ENTRIES SHOWN ->

↓

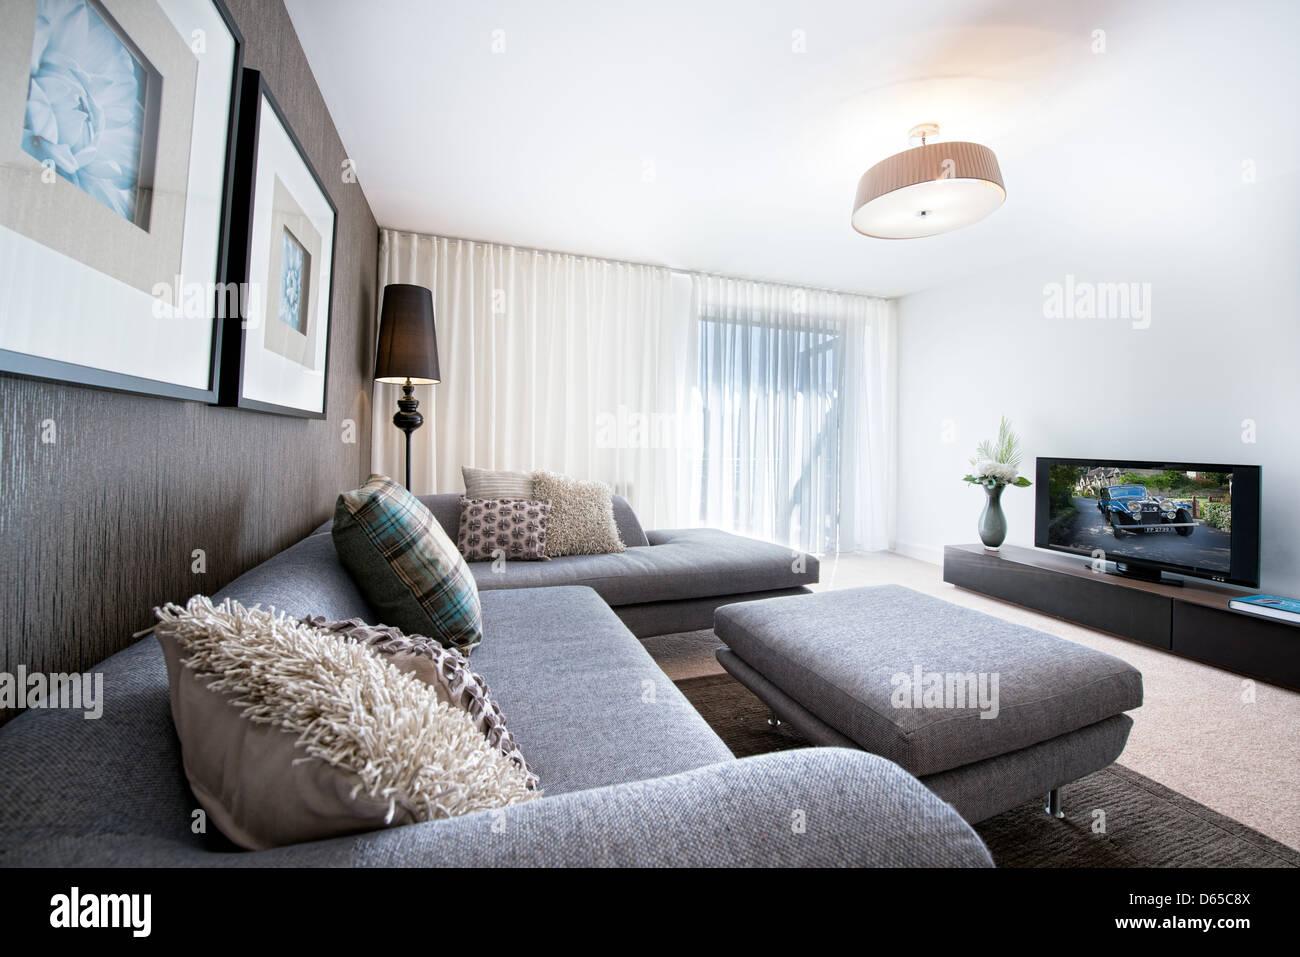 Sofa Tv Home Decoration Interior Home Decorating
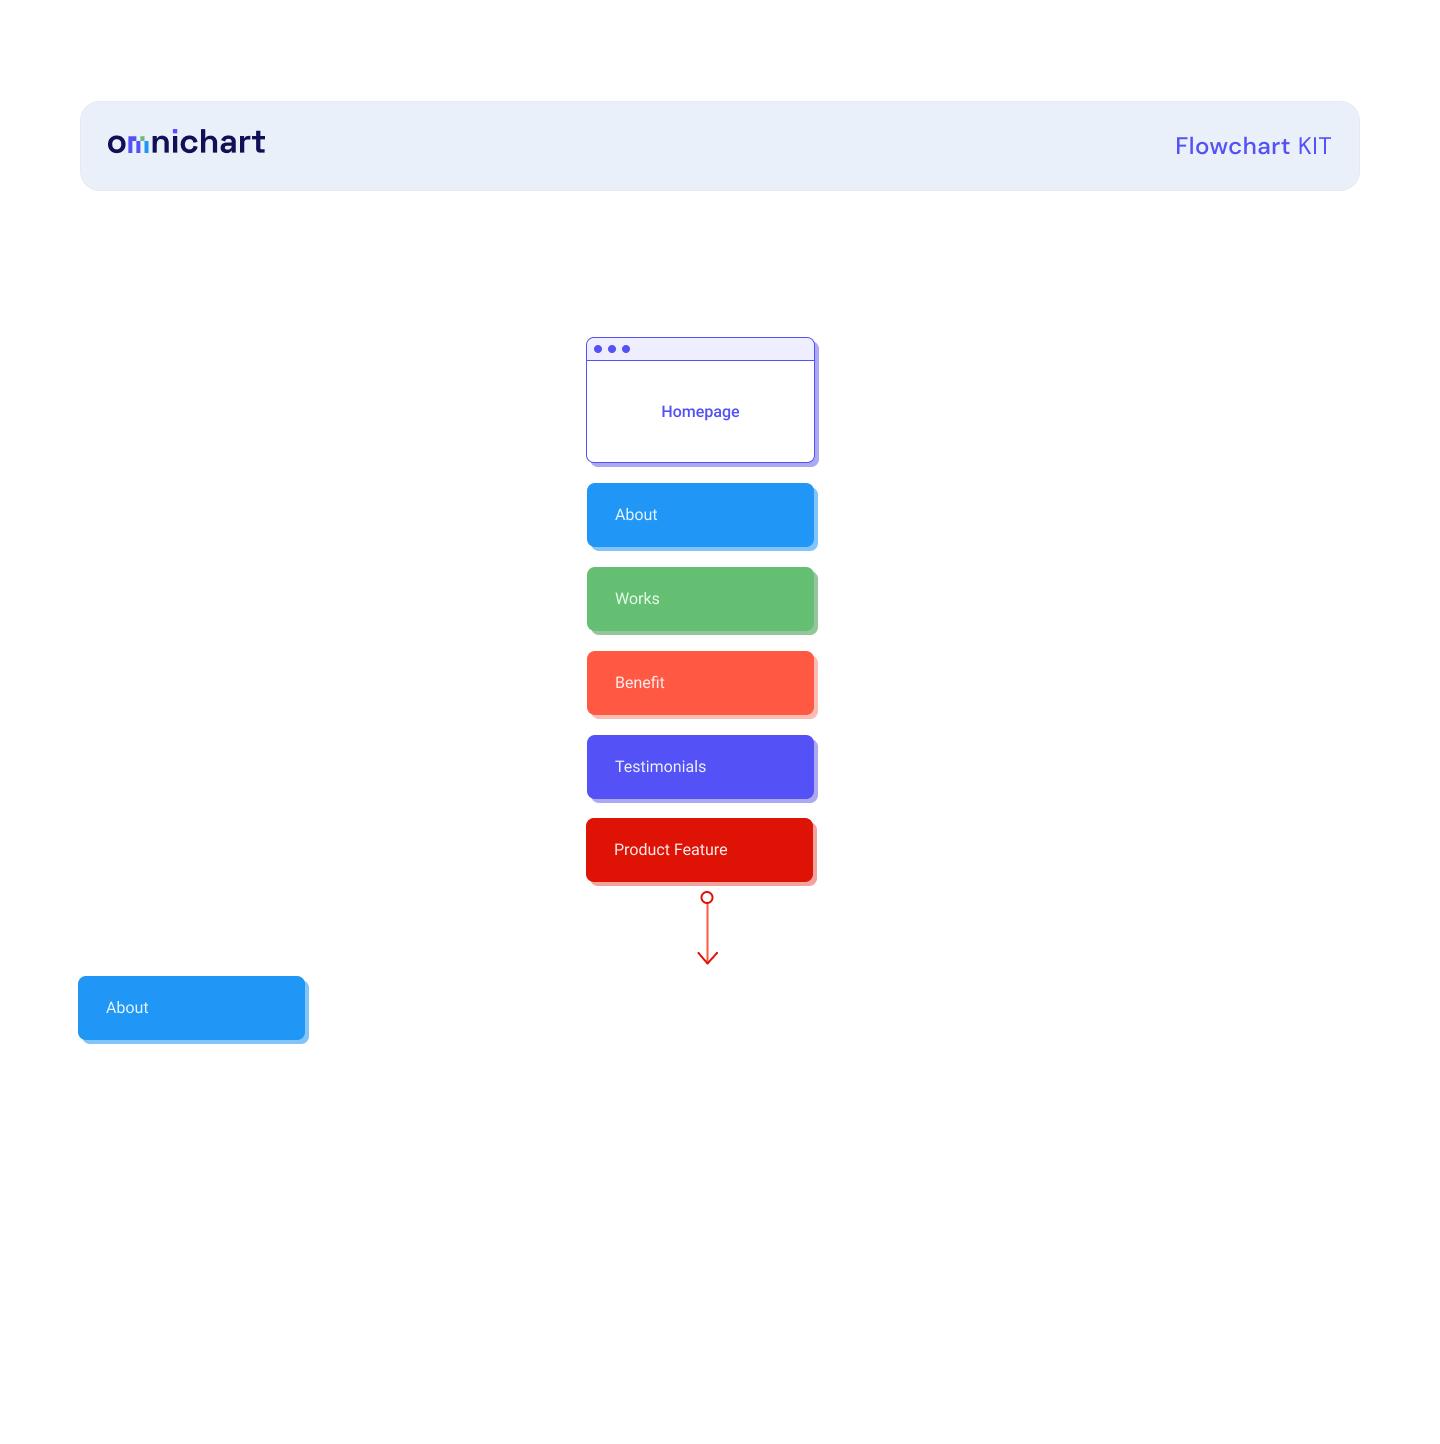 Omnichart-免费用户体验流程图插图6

↑
↓

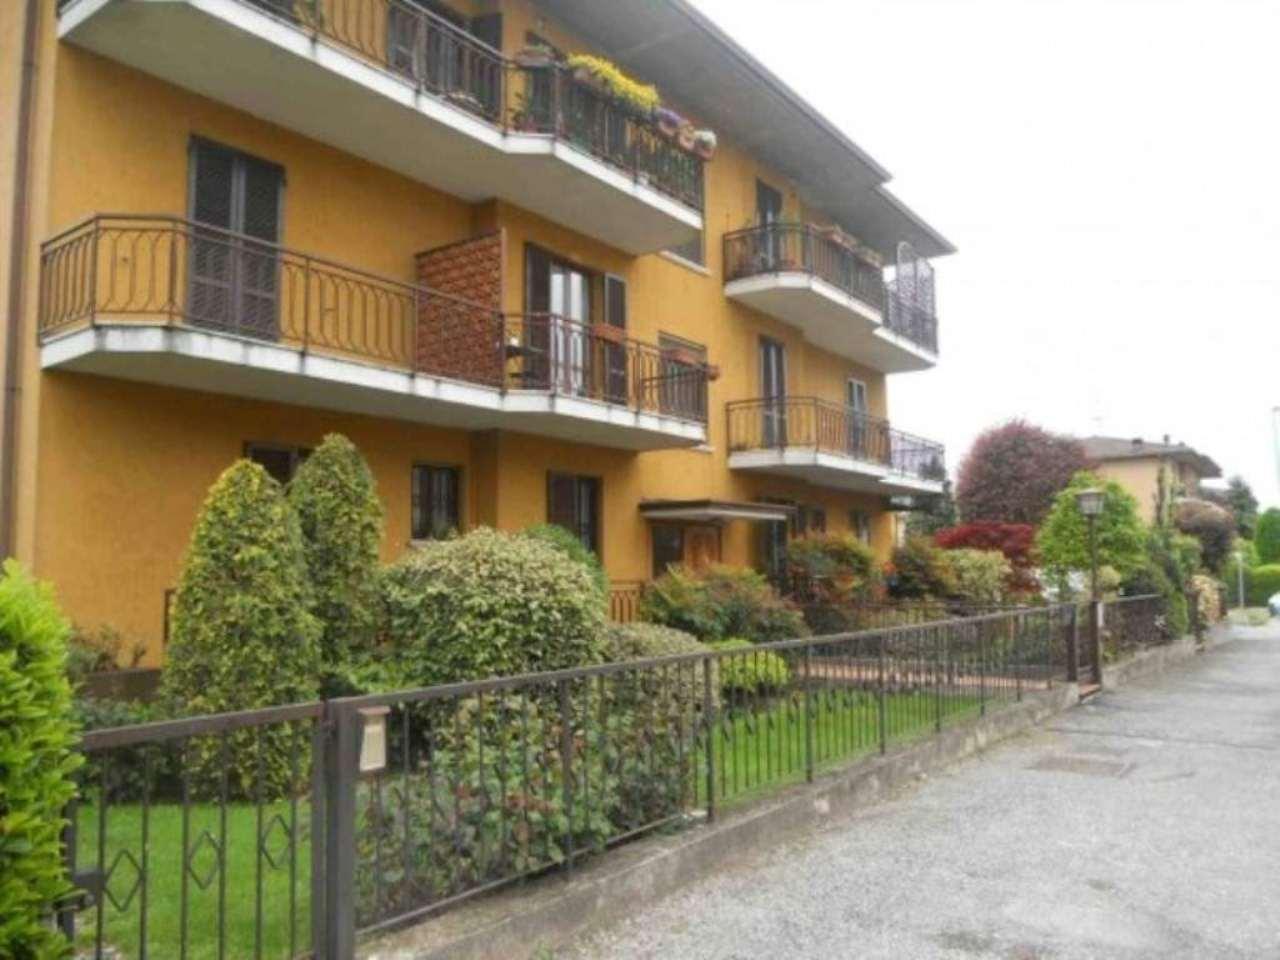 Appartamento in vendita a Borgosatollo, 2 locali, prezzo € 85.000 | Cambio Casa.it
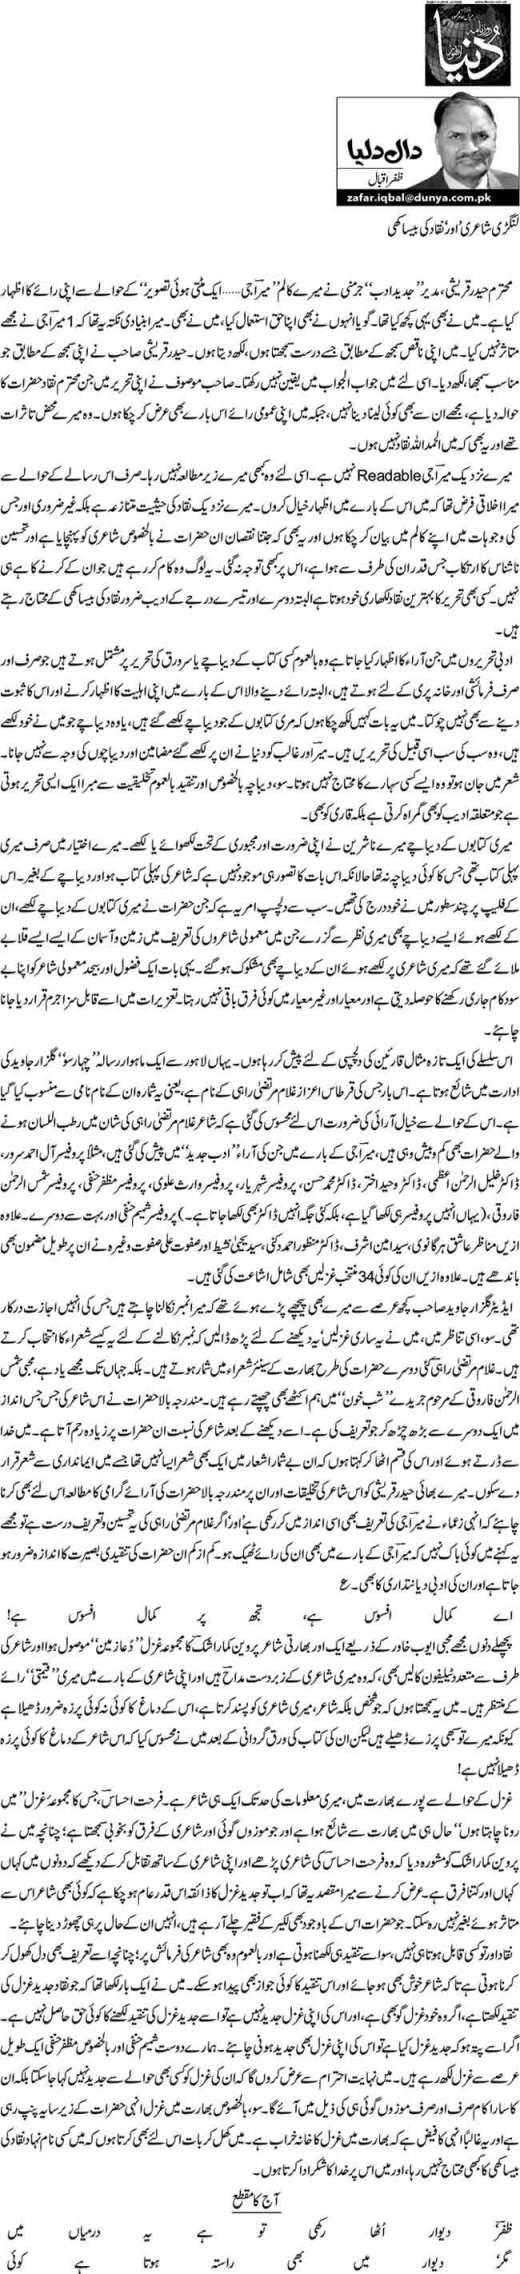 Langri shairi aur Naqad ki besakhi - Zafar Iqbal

↑
↓

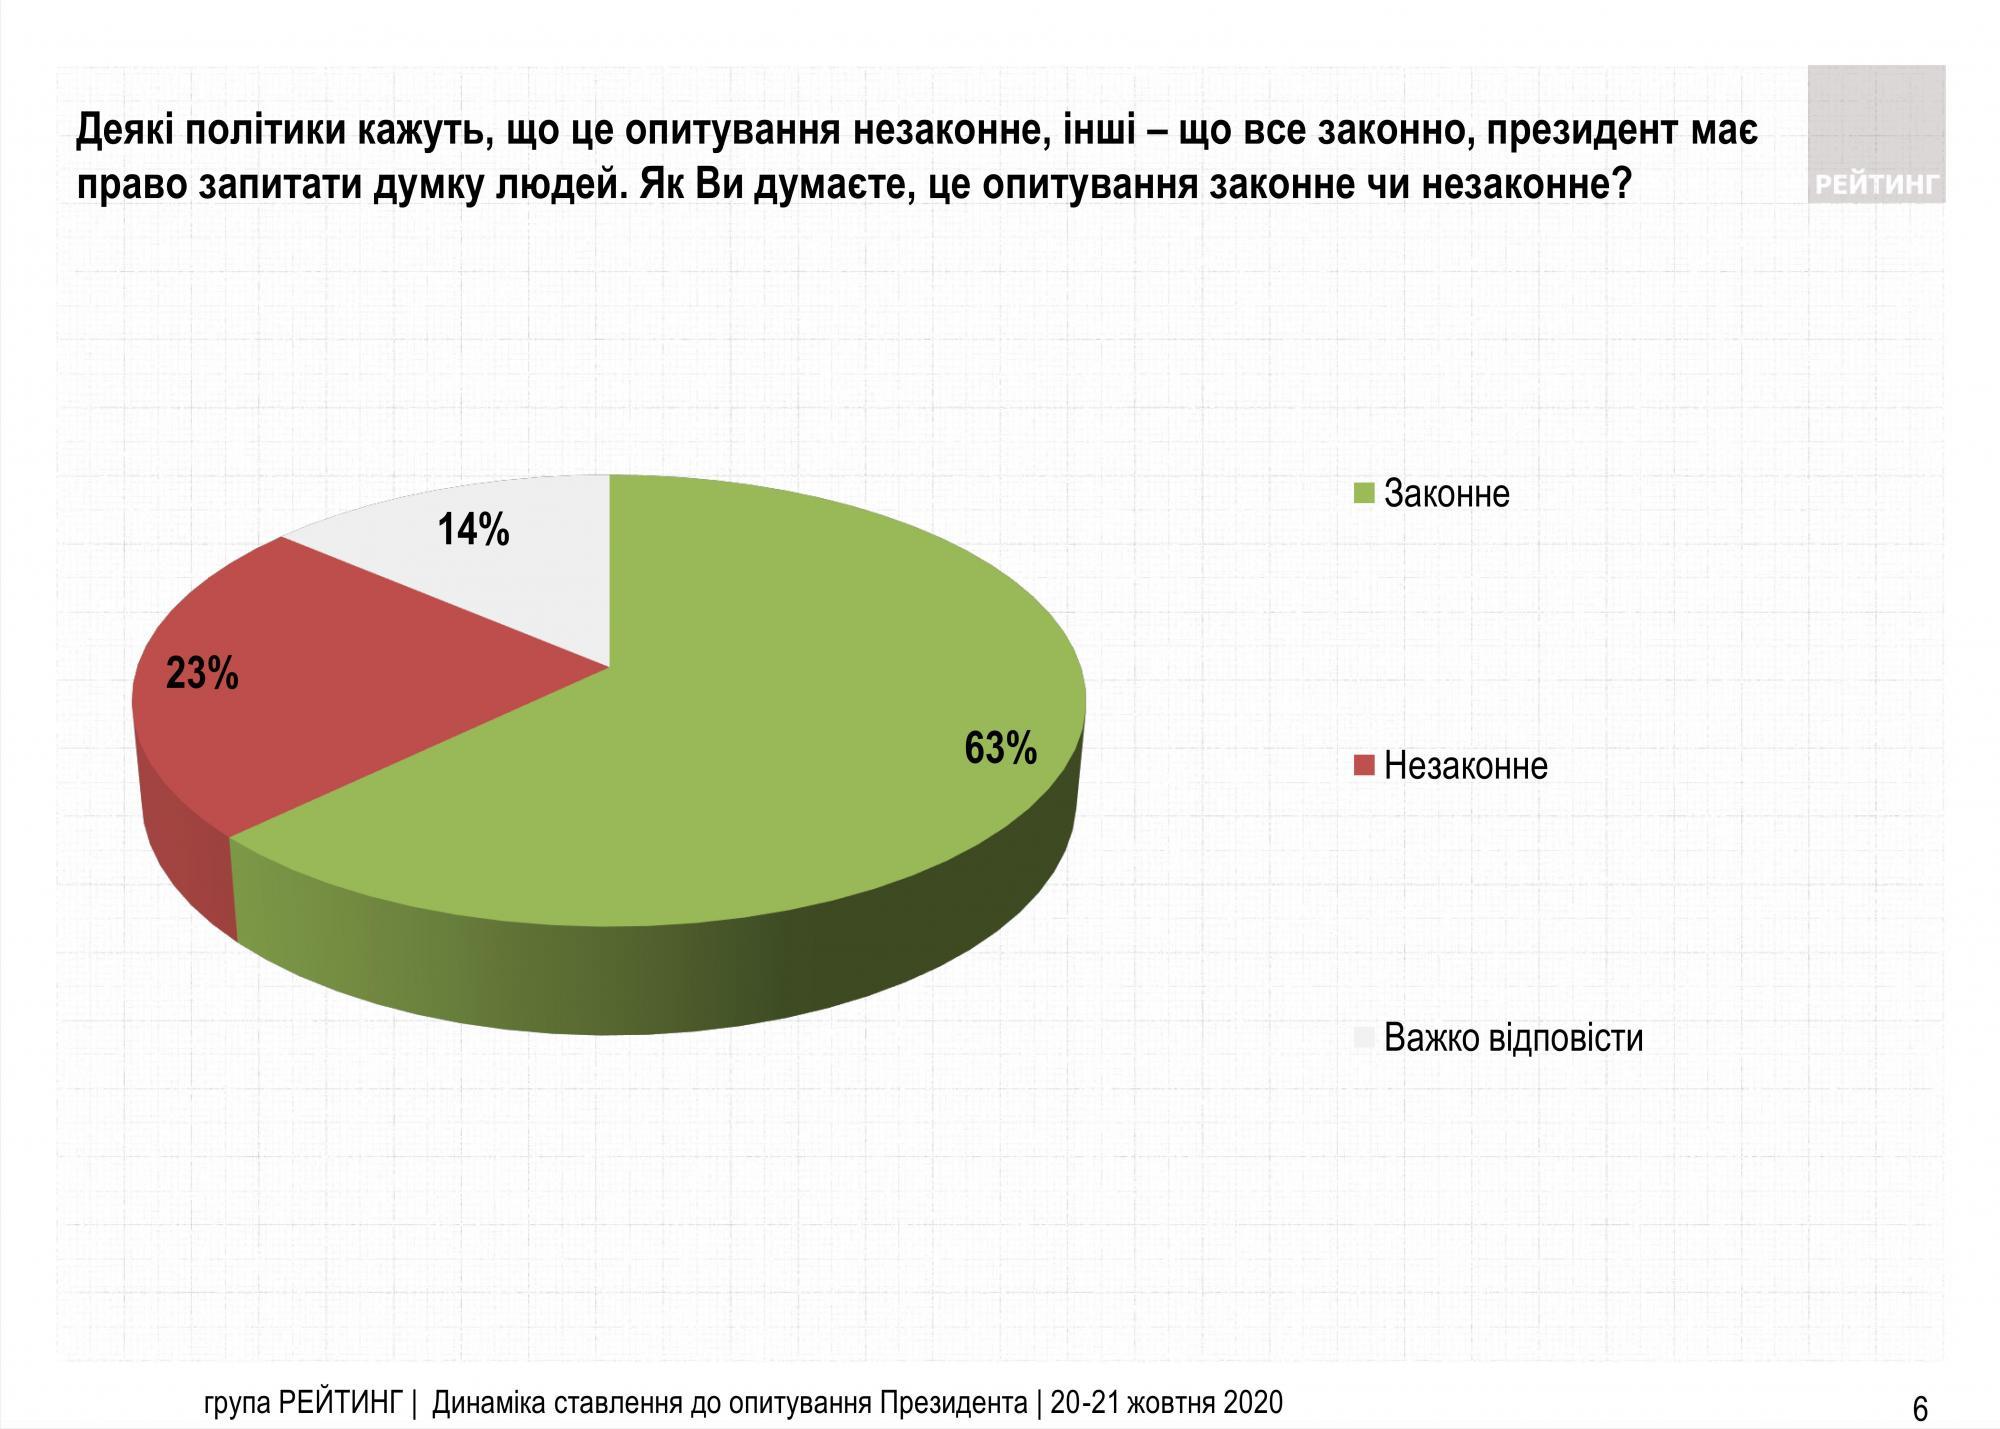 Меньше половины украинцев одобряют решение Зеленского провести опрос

↑

The expected output is the lines above from the one containing "Sofa Tv Home" to the one containing "Omnichart-免费用户体验流程图插图6", both ends included, reproduced exactly with every picture left out.

ANSWER FOR THE TASK ->
 Sofa Tv Home Decoration Interior Home Decorating
 Omnichart-免费用户体验流程图插图6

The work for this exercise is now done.